Always determine vocab_size from the tokenizer you plan to use (len(tokenizer) for HuggingFace tokenizers) so the embedding matrix and token IDs stay aligned.

The forward pass accepts input_ids, attention_mask, and optional labels, returning a dictionary with logits (and loss during training). Set return_embeddings=True to access both CLS-style pooled embeddings and the final per-token representations. You can plug the module into a custom PyTorch training loop or wrap it with your preferred trainer/optimizer stack.

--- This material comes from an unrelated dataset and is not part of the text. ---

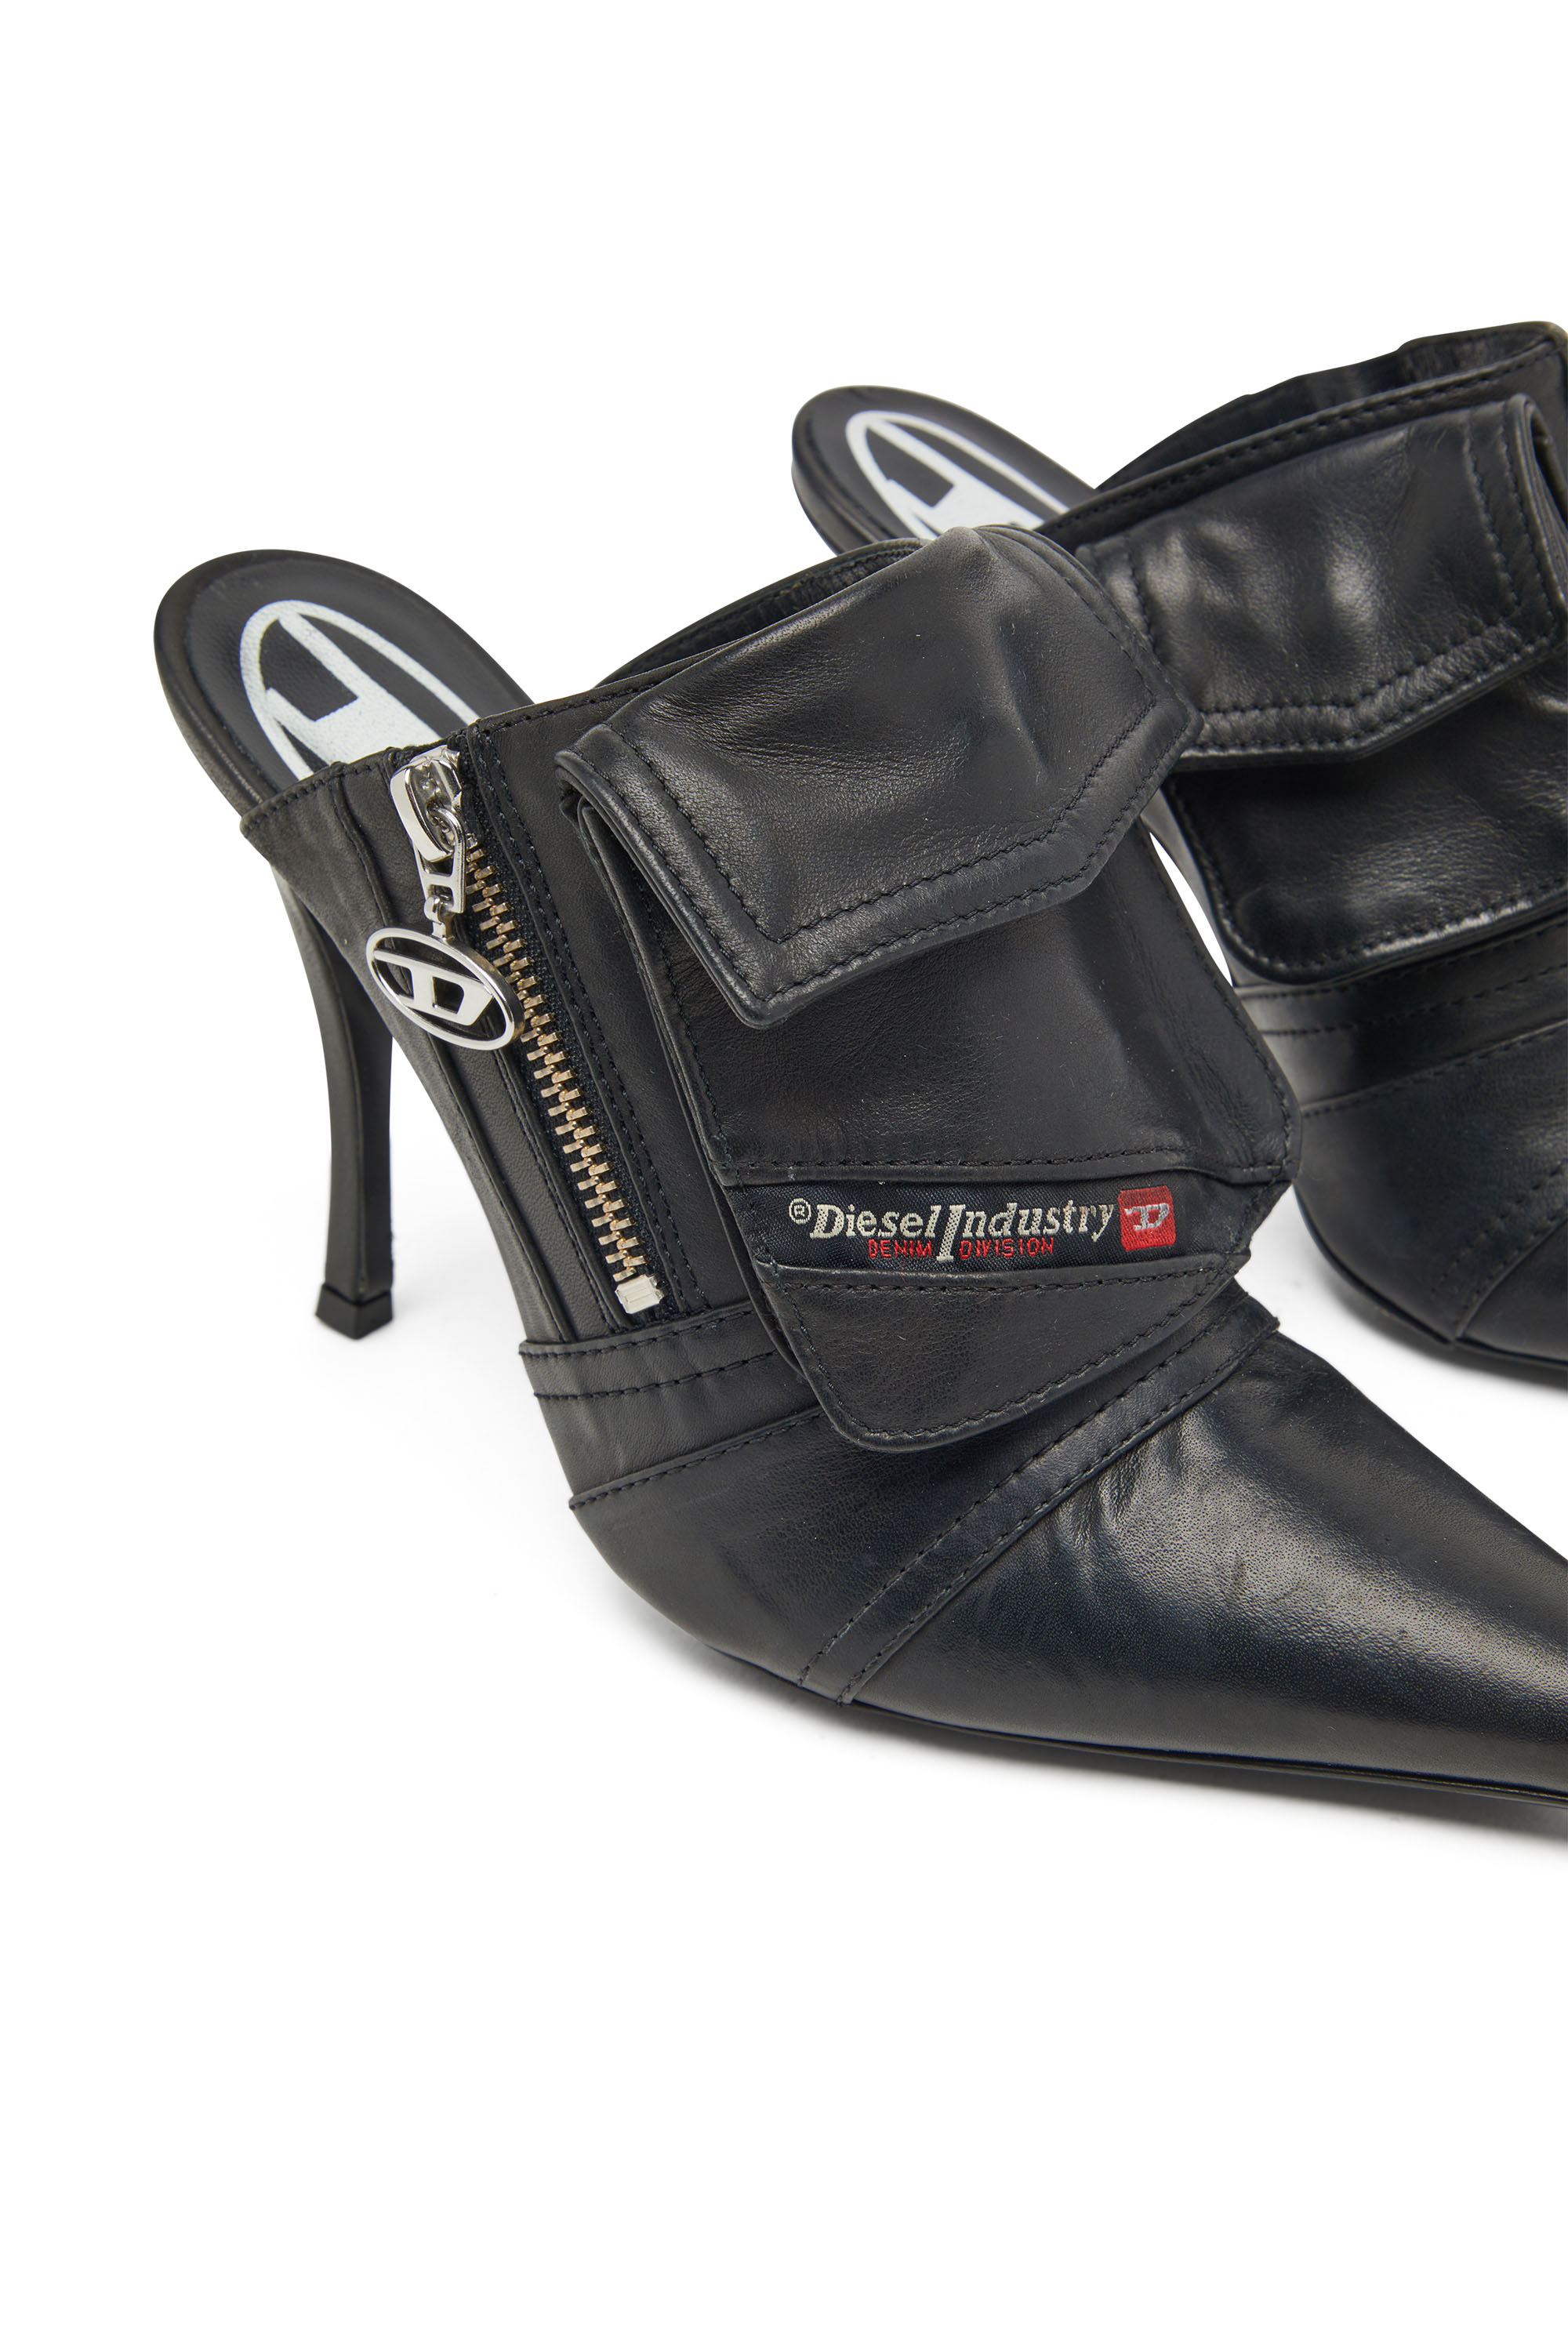 Diesel - D-VENUS POCKET ML, Damen D-Venus Pocket Ml Shoes - Stiefeletten mit Utility-Taschen in Schwarz - Image 4

Training the Embedding Classifier

category_classification/train_embedding_classifier.py reproduces the category classification experiment end-to-end using the pure PyTorch model. It loads the LSPC dataset from disk, tokenizes with the Qwen tokenizer, and optimizes the EmbeddingClassifier using AdamW. The default configuration (10 layers, 384-dim hidden size, 6/2 attention heads, 1536-dim feed-forward) contains roughly 80 million parameters (it prints the exact count on startup).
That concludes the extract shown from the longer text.